Каждый вечер на веранде пили чай. Тётка, полная, властная, бездетная женщина, этакая матрона, с закрученной в корону золотистой косой, садилась во главе стола. Её муж Илья, безвольный, хилый с виду выпивоха, за чаем почти все время молчал. При попытках втянуть его в разговор отнекивался: «Помолчу, так, глядишь, за умного сойду». Его бесцветные глаза, прикрытые припухшими синюшными веками, смотрели в стол, хмельная голова то и дело клонилась вниз, и ему нелегко было её удерживать. Лицо Ильи всегда было мрачно, как будто этот человек отродясь не видел ни чистого неба, ни ясного дня, ни доброй улыбки, ни разу не слышал доброго слова.
После ужина тётка играла на рояле, Мила пела. Максиму одному выпадало их слушать и хлопать в ладоши, ибо Илья всегда, едва начиналось музицирование, уходил в свою комнату и допивал там то, что не успел выпить за день.
Купались на Волге вместе, загорали порознь. Мила облюбовала для себя безлюдное местечко и жарилась на солнце нагишом. И без того смуглая, она, спустя какое-то время, сделалась чёрной, как негритянка. Вечерами, когда прогуливались в саду, лицо и руки её совсем растворялись в темноте и белое платье, казалось, двигалось само по себе, без человека, — фантастическое зрелище!
Милина комната находилась аккурат под комнатой Максима, и когда Мила, бывало, позовёт его, Максим, показывая свою ловкость — надо же было чем-то похвастать, — с балкончика перебирался на липу и спускался по ней вниз. Однажды и ей захотелось так же спуститься. Прошли через комнату Максима на балкон. Она оплела рукой его шею и сказала, глядя вдаль: «Однажды Овидий, будучи со своей любимой наедине, произнёс такие слова: мы вдвоём, нас большинство в мире. Понимаешь, Максим, мы вот сейчас тоже вдвоём, и мы — большинство. Большинство!» Наклонила его голову и поцеловала горячо и коротко. Он хотел было тоже её поцеловать, но она ловко увернулась, встала на перила, перебралась на сук и куда проворнее, чем он, слезла вниз.

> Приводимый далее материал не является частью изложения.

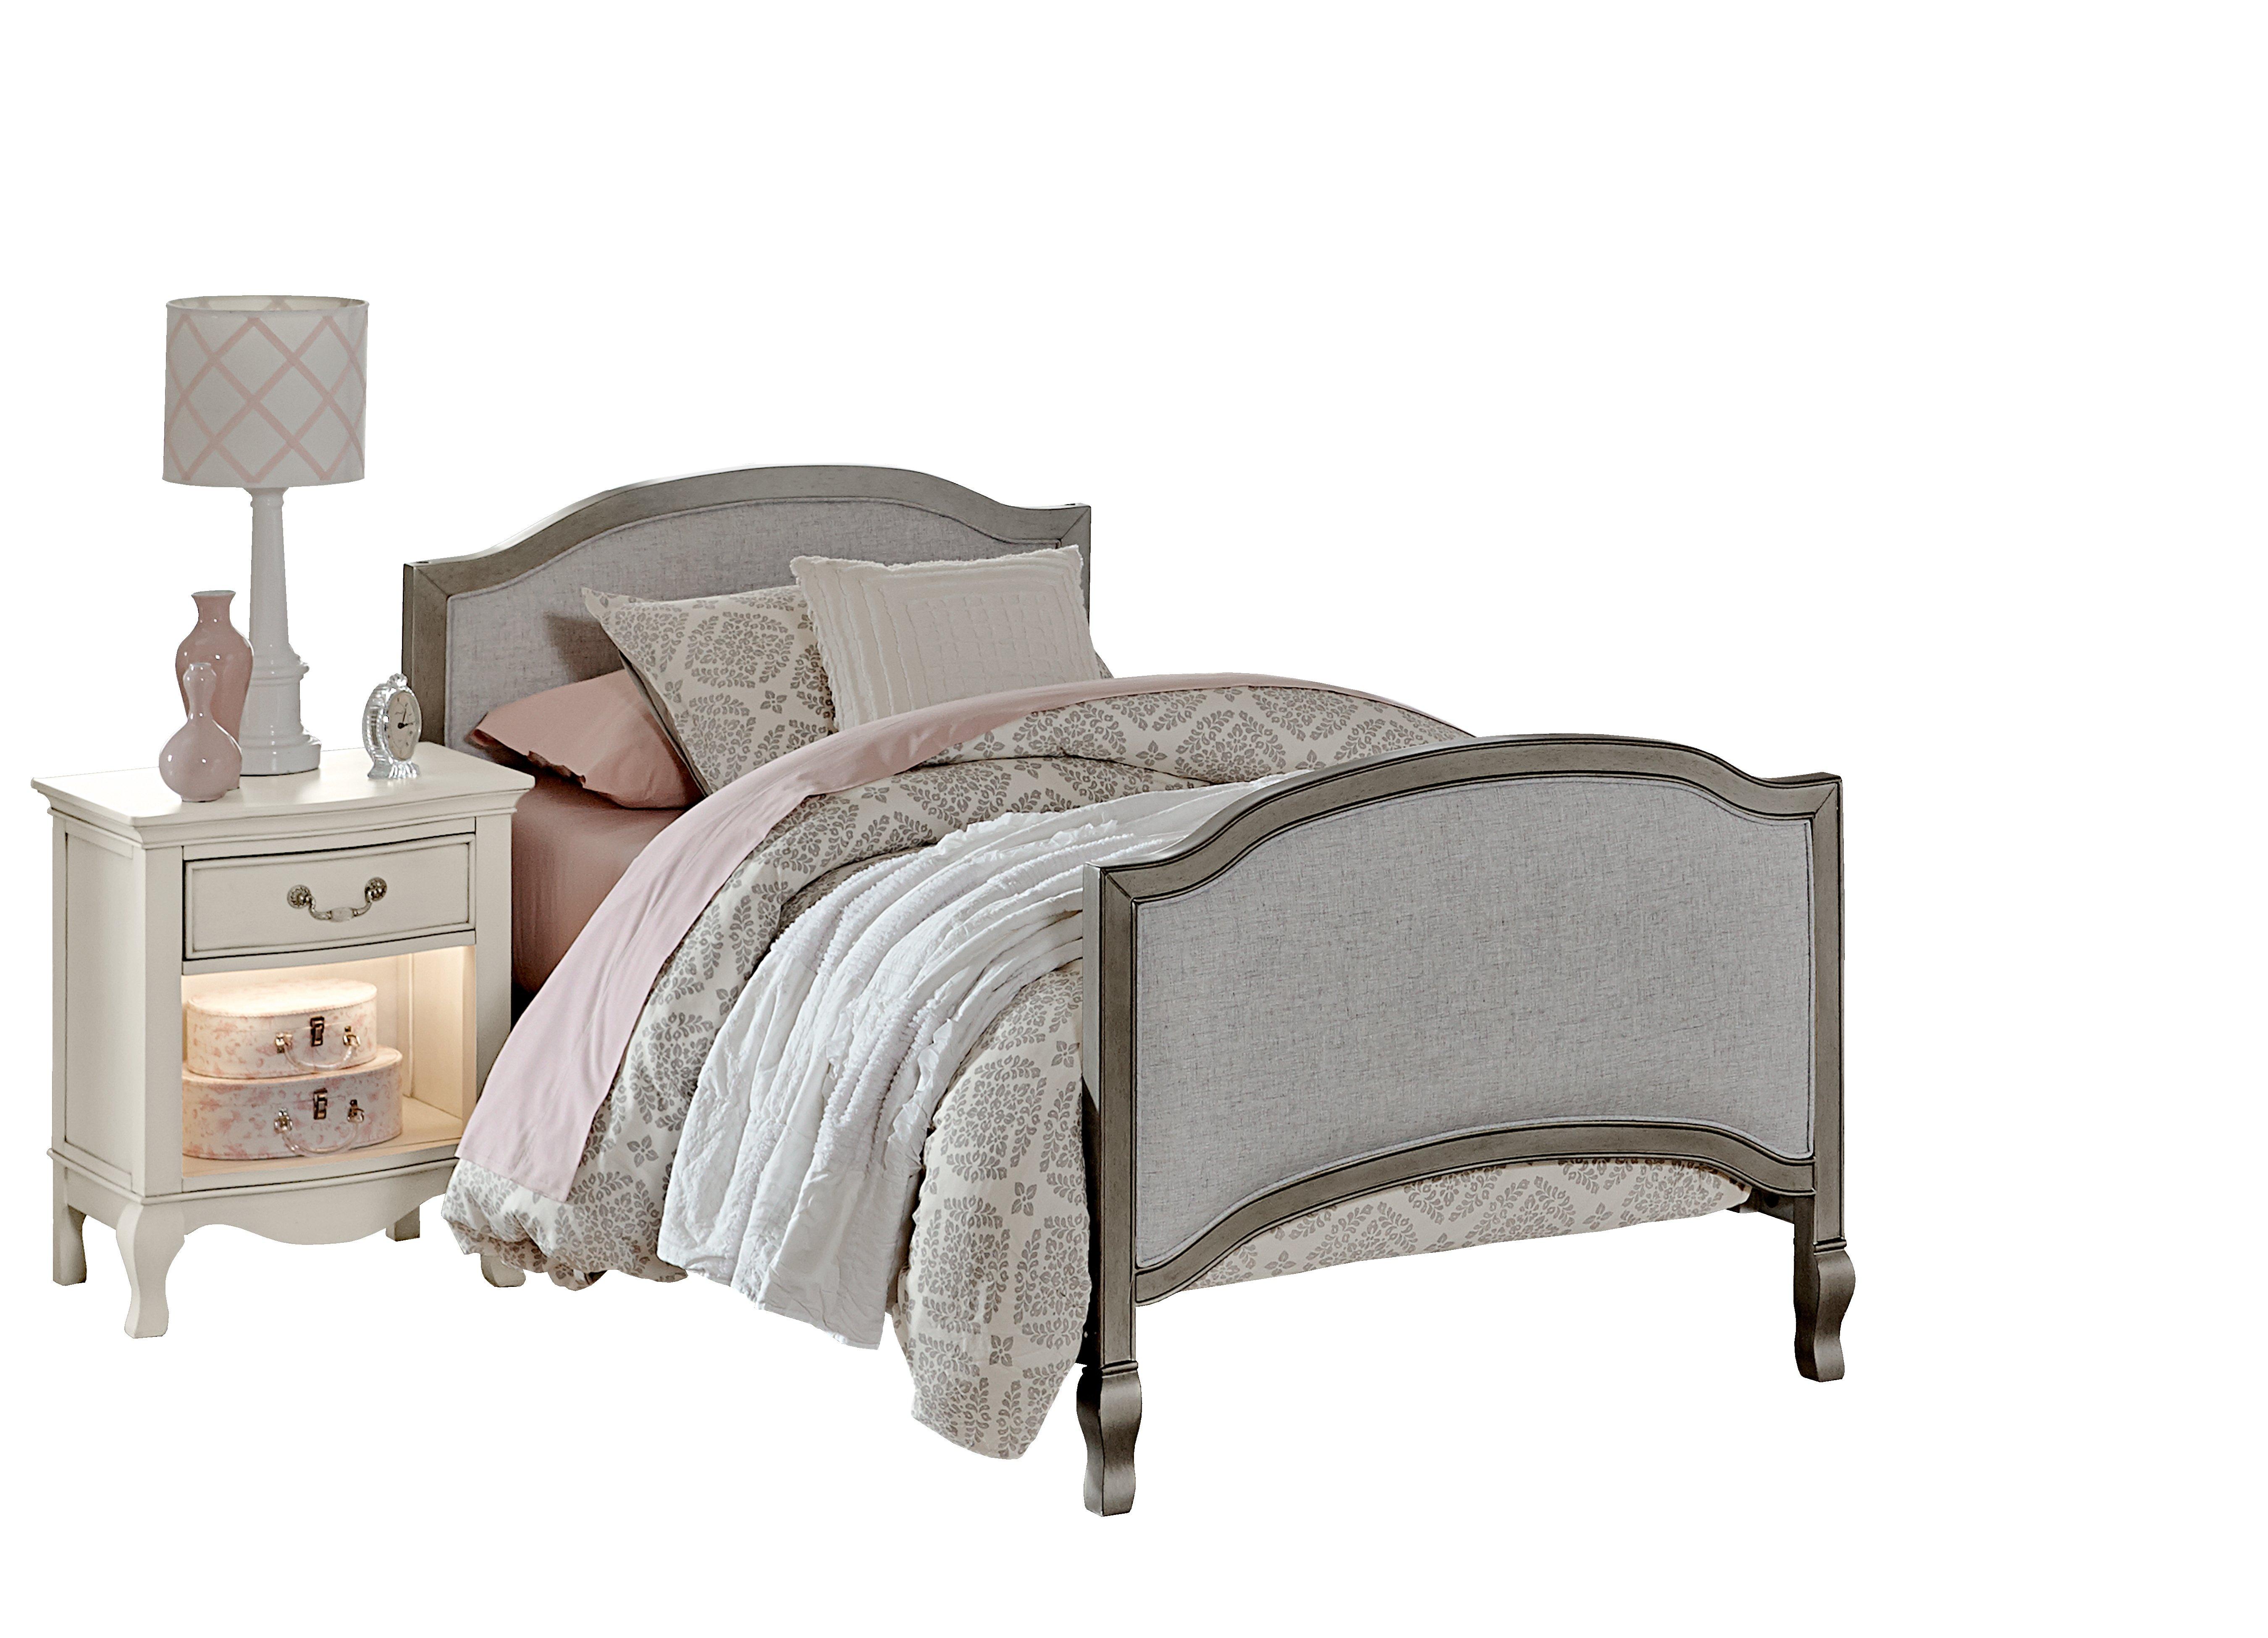 Kensington Victoria Upholstered Panel Bed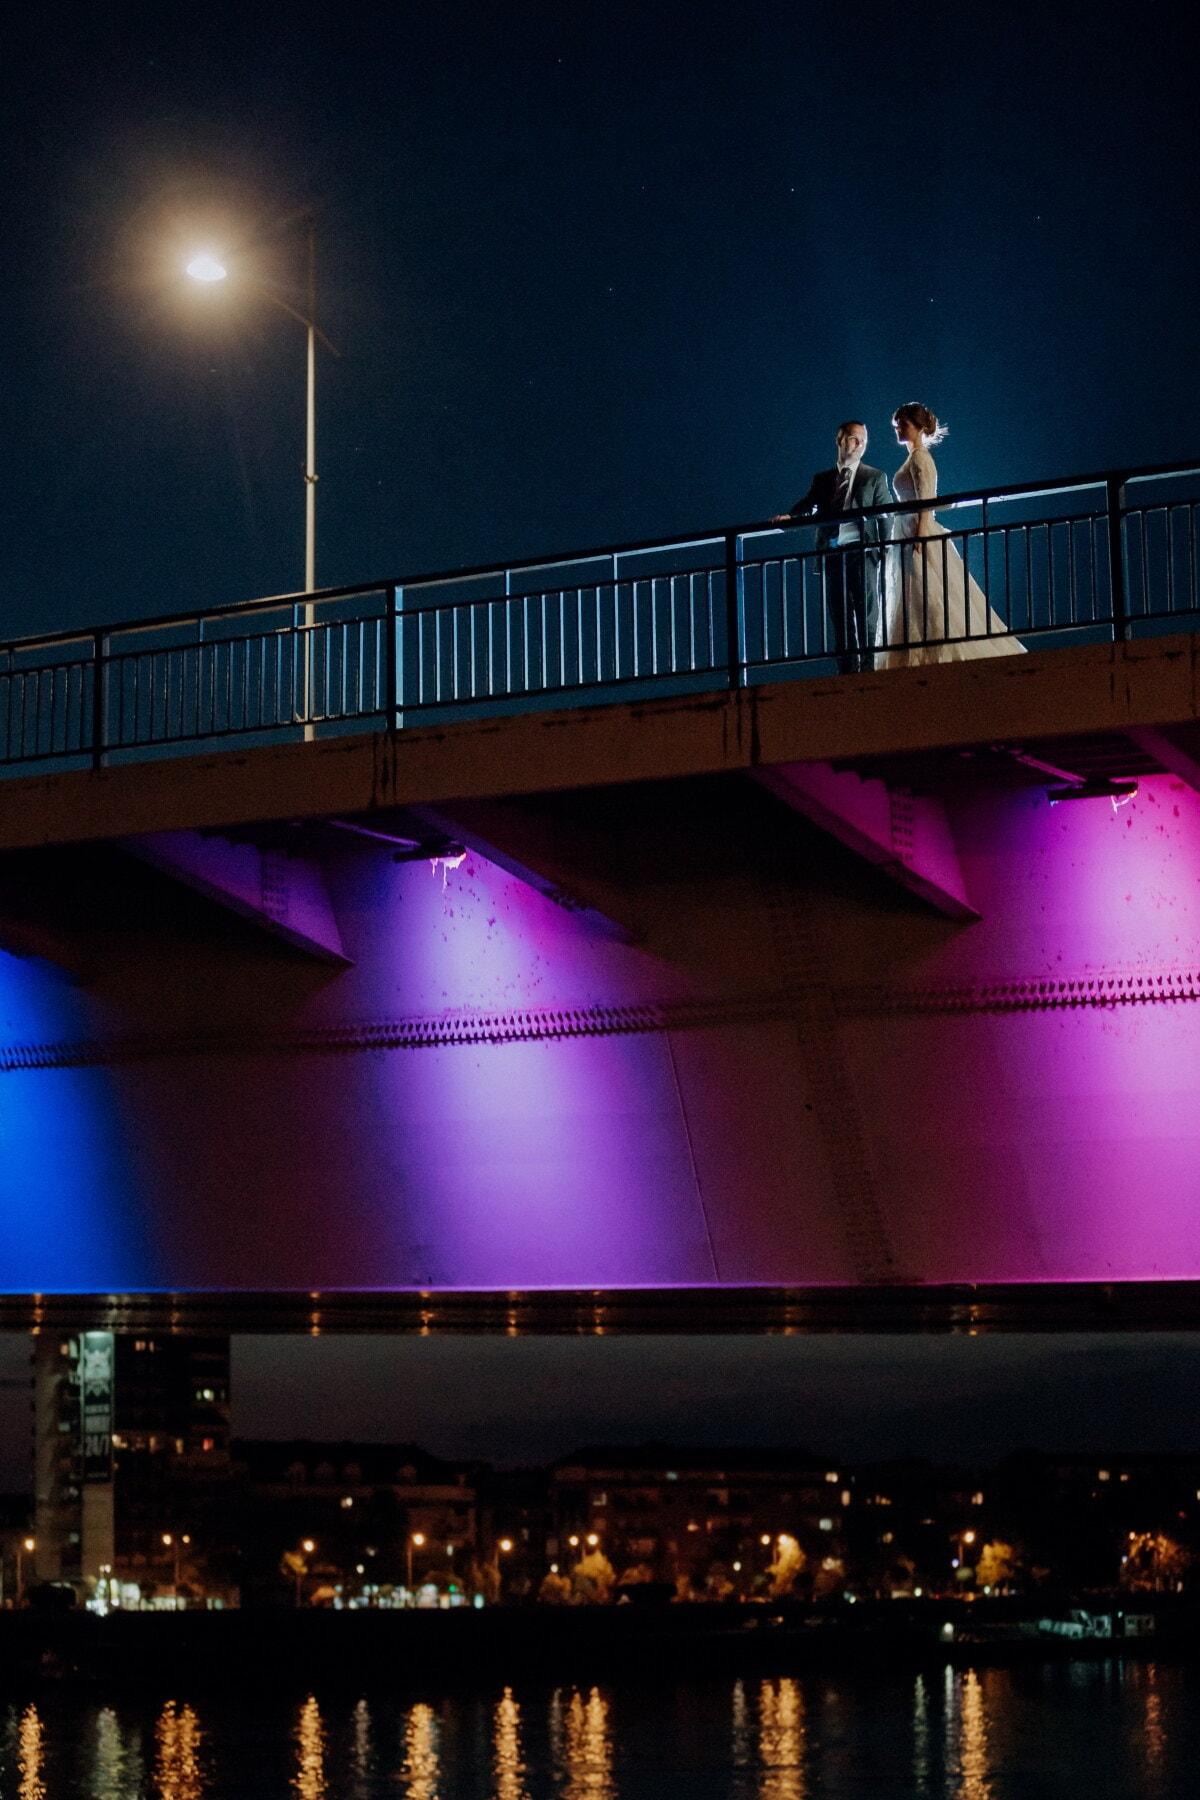 romantic, bridge, night, love date, man, young woman, lights, light, city, water

Это длилось три недели. Однажды тётка Анфиса известила, что из Петербурга приедет погостить её родич, молодой человек, корнет, только что окончивший кавалерийское училище. Он, как выяснилось, был какой-то роднёй и Максиму с Милой, правда, далёкой. Максим воспринял новость ревниво. Ещё не повидав корнета, уже возненавидел его как возможного соперника и молил бога, чтобы тот офицерик не приехал. Пусть бы его не отпустили, пусть бы началась война и полк корнета отправился бы на фронт…
Но войны не было, отпуск корнету положен был по закону, и тот молоденький офицерик приехал. Не в кавалерийском мундире, а в штатском, стройный, гибкий, каким и должен быть корнет. Он был франт, щёголь до мозга костей, от пуховой шляпы до ногтей с маникюром, от шёлкового галстука с бриллиантовой капелькой на золотой булавке до модных лаковых штиблет. Он то бывал легкомыслен, дурашливо весел и из-за какого-то пустяка, вовсе не смешного, мог хохотать, складываясь чуть ли не пополам, то вдруг становился капризным, злым и тогда походил на нервного, избалованного ребёнка. Но последнее случалось редко — чаще был весёлым и возбуждённым.
«Други мои, други, — хватал он за руки Максима и Милу, — жизнь прекрасна! Вперёд, други, навстречу нашим мечтам, которые вот там, за горизонтом. Ур-ра!» И они втроём, держась за руки, бежали по лугу туда, где синел край небесного купола, будто бы там и впрямь были их мечты, уже осуществлённые.
Как-то Мила сказала корнету, его звали Илларион Шилин: «Ларик, если, не приведи бог, будет война, ты первый вот так же бездумно и ринешься в рубку и первым погибнешь». — «Я верный сын своего отечества, и кому-то надо же погибнуть первым», — ответил тот. Синие глаза его потемнели, лицо стало хмурым, словно на него легла тень, и бриллиантовая капелька на галстуке тоже, казалось, потемнела. Ларик, похоже, уже тогда подписал сам себе приговор, загодя положил свою жизнь на алтарь отечества.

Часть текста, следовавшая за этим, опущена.